Setelah melenggang ke Balai Kota DKI, Ahok pun mulai bersentuhan dengan sejumlah Badan Usaha Milik Daerah di bawah naungan Pemprov DKI Jakarta.
Pada masa awal menjabat sebagai wakil gubernur, Ahok langsung menebar ancaman kepada BUMD-BUMD tersebut. Kala itu Ahok mengancam bakal melikuidasi BUMD yang terus merugi.

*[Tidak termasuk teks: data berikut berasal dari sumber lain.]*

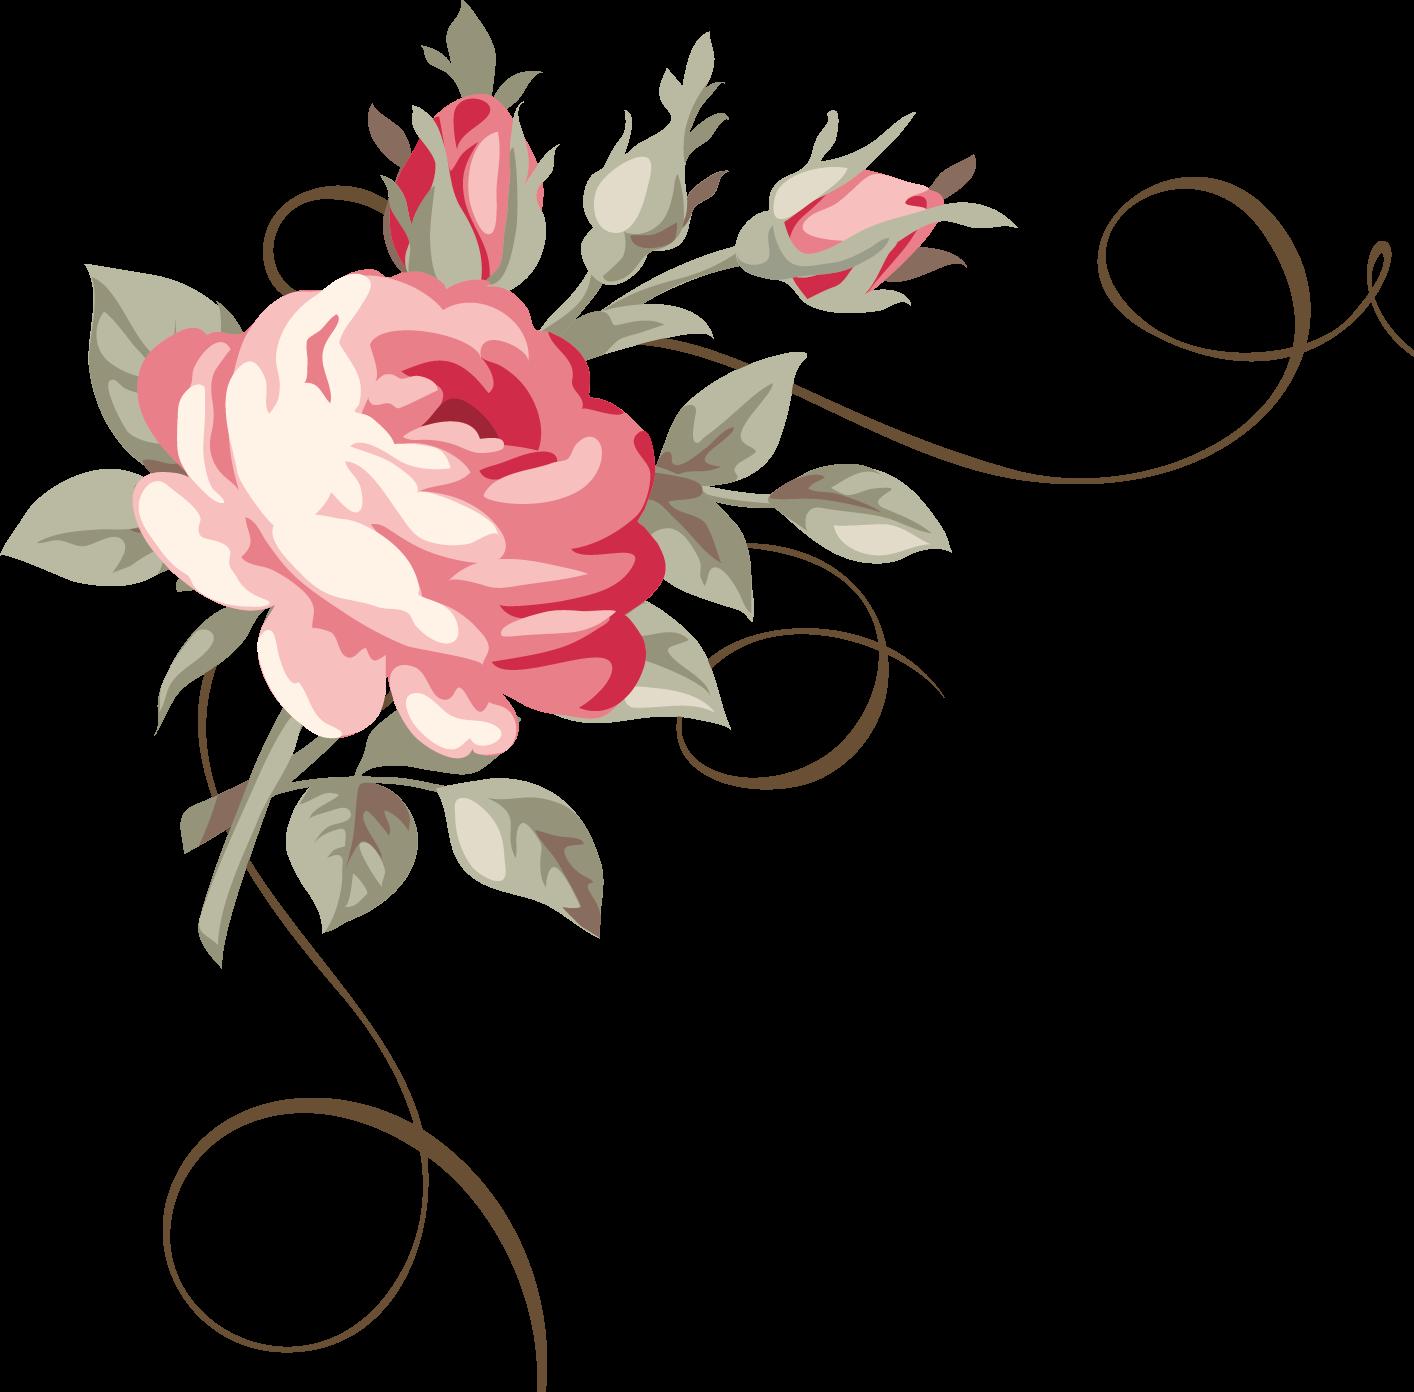 Clipart rose chalkboard. Frames floral em png

Menilik laporan Koran Tempo 12 Desember 2012, ketika itu ada BUMD yang disebut terus merugi, salah satunya PD Dharma Jaya yang bergerak di sektor rumah pemotongan hewan. Ia sejak 2011 tak lagi menyetor dividen kepada Pemprov DKI. Ia juga kelabakan menanggung biaya operasional.
“Buat apa dipertahankan kalau kami suntik modal tapi uangnya hilang begitu saja?” kata Ahok saat itu.

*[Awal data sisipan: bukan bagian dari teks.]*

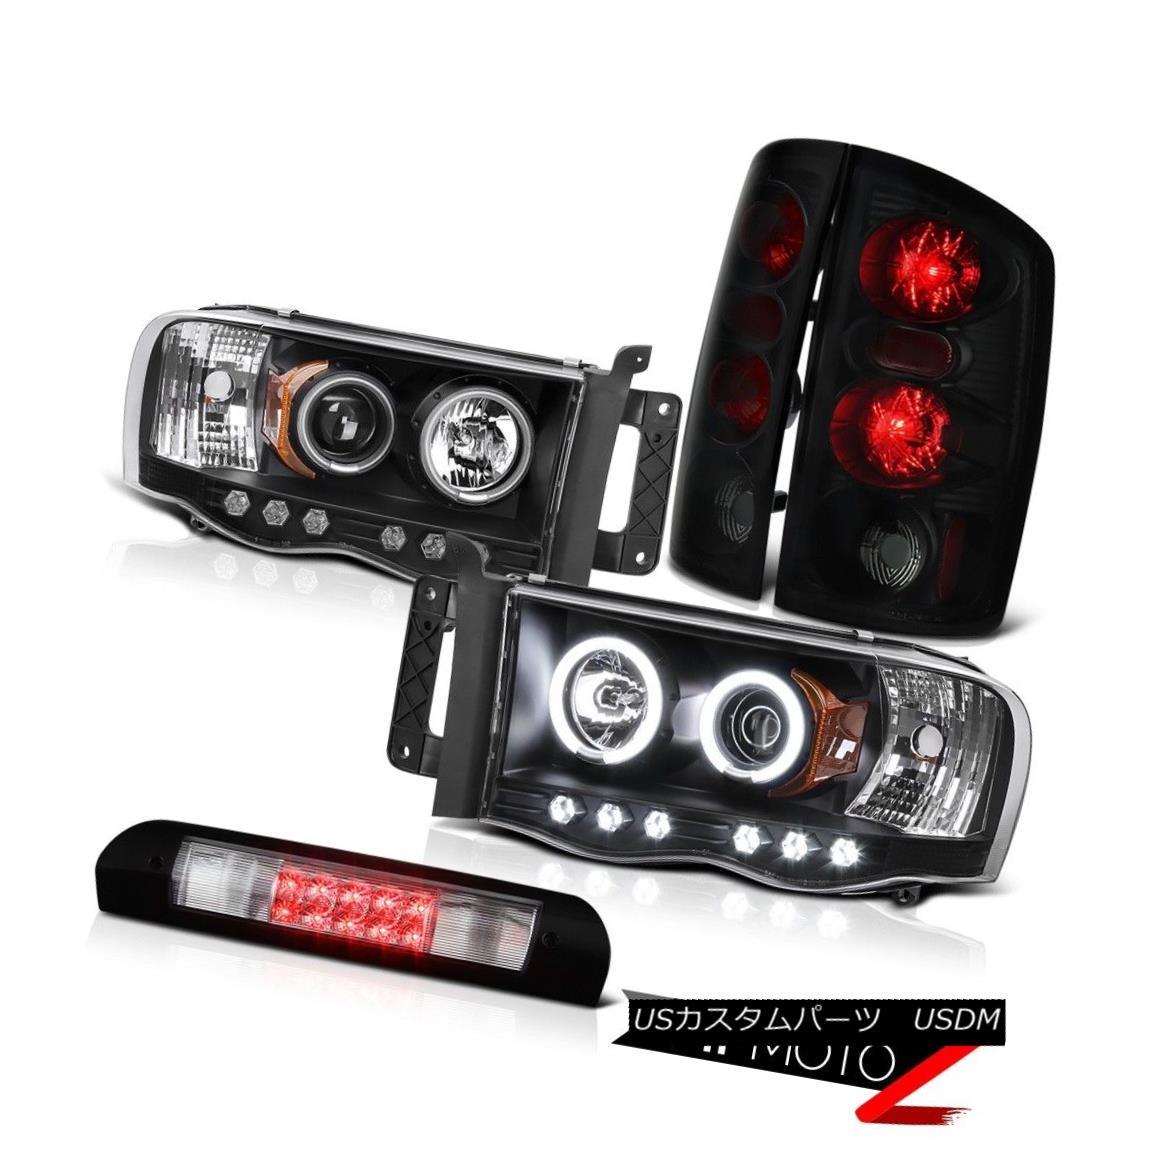 ヘッドライト Headlamps Sinister Black Rear Tail Lights Roof Stop LED Clear 2002-2005 Ram SLT ヘッドランプSinister BlackリアテールライトルーフストップLED Clear 2002-2005 Ram SLT

Serangkaian rencana progresif terus diwacanakan sampai Ahok duduk di kursi gubernur menggantikan Jokowi yang melenggang ke Istana Merdeka. Awal 2015, Ahok berencana merombak jajaran direksi serta komisaris BUMD.
“Rekrutmen ini bertujuan tidak lain untuk menghilangkan pola pikir lama yang menganggap BUMD hanyalah badan usaha yang tidak profesional dan sulit dikontrol, atau sebagai tempat ‘bagi-bagi kue’ kroni penguasa daerah atau mantan pejabat daerah,” demikian tulis Ahok di buku Kebijakan Ahok.

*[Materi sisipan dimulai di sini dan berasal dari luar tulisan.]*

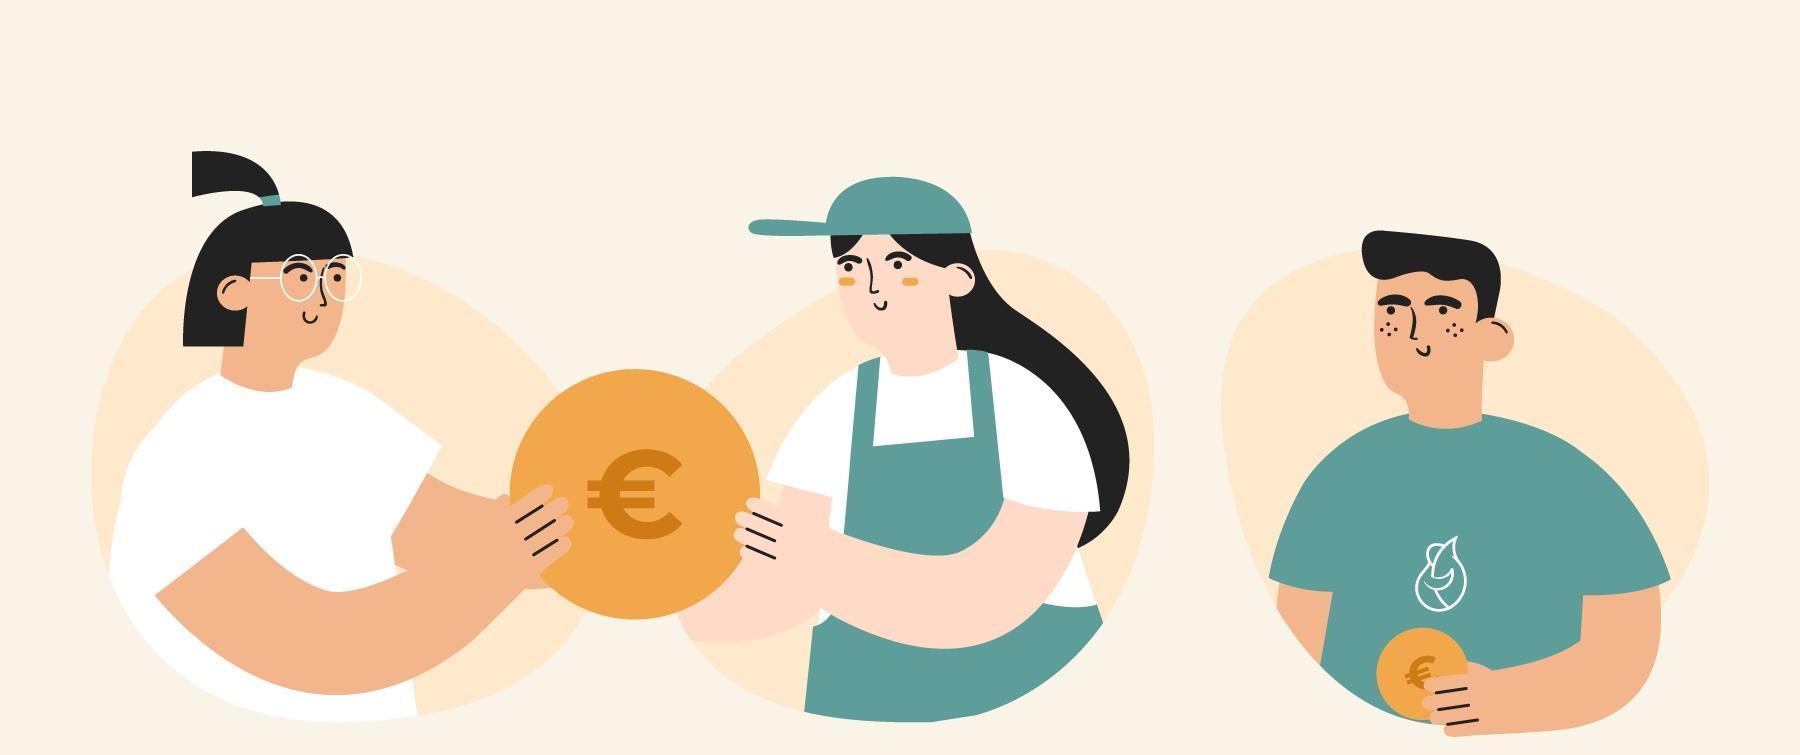 Eine Grafik mit drei Personen (Endverbraucher und Landwirt) mit einer Münze in der Hand

BUMD-BUMD menyambut rencana Ahok tersebut. Salah satunya BUMD penyumbang dana terbesar ke kas DKI, yakni Bank DKI.
Ahok pada 11 Februari 2017. Foto: AFP
Pertengahan 2015, Bank DKI menggelar Rapat Umum Pemegang Saham Luar Biasa. RUPS menetapkan bahwa Kresno Sediarsi yang pernah menjabat sebagai Direktur Bank Mandiri, menjadi Direktur Utama Bank DKI. Para profesional dari luar Bank DKI juga menempati posisi komisaris bank itu. Honggo Widjojo Kangmasto yang pernah berkiprah di BNI pun ditetapkan menjadi komisaris utama.
“Saya ingin bank ini dipimpin orang-orang atau para profesional yang lebih paham untuk meningkatkan kinerja bank. Saya ingin Bank DKI dibawa ke Bank Umum Kegiatan Usaha IV,” tulis Ahok.
Menurut Ahok, perombakan di tubuh Bank DKI ini ditujukan untuk memperbaiki kinerja bank agar dapat berkontribusi lebih besar dalam pemberian kredit, terutama untuk usaha masyarakat.
Langkah perombakan jajaran pejabat di Bank DKI lantas diikuti BUMD lain seperti PT. Transjakarta.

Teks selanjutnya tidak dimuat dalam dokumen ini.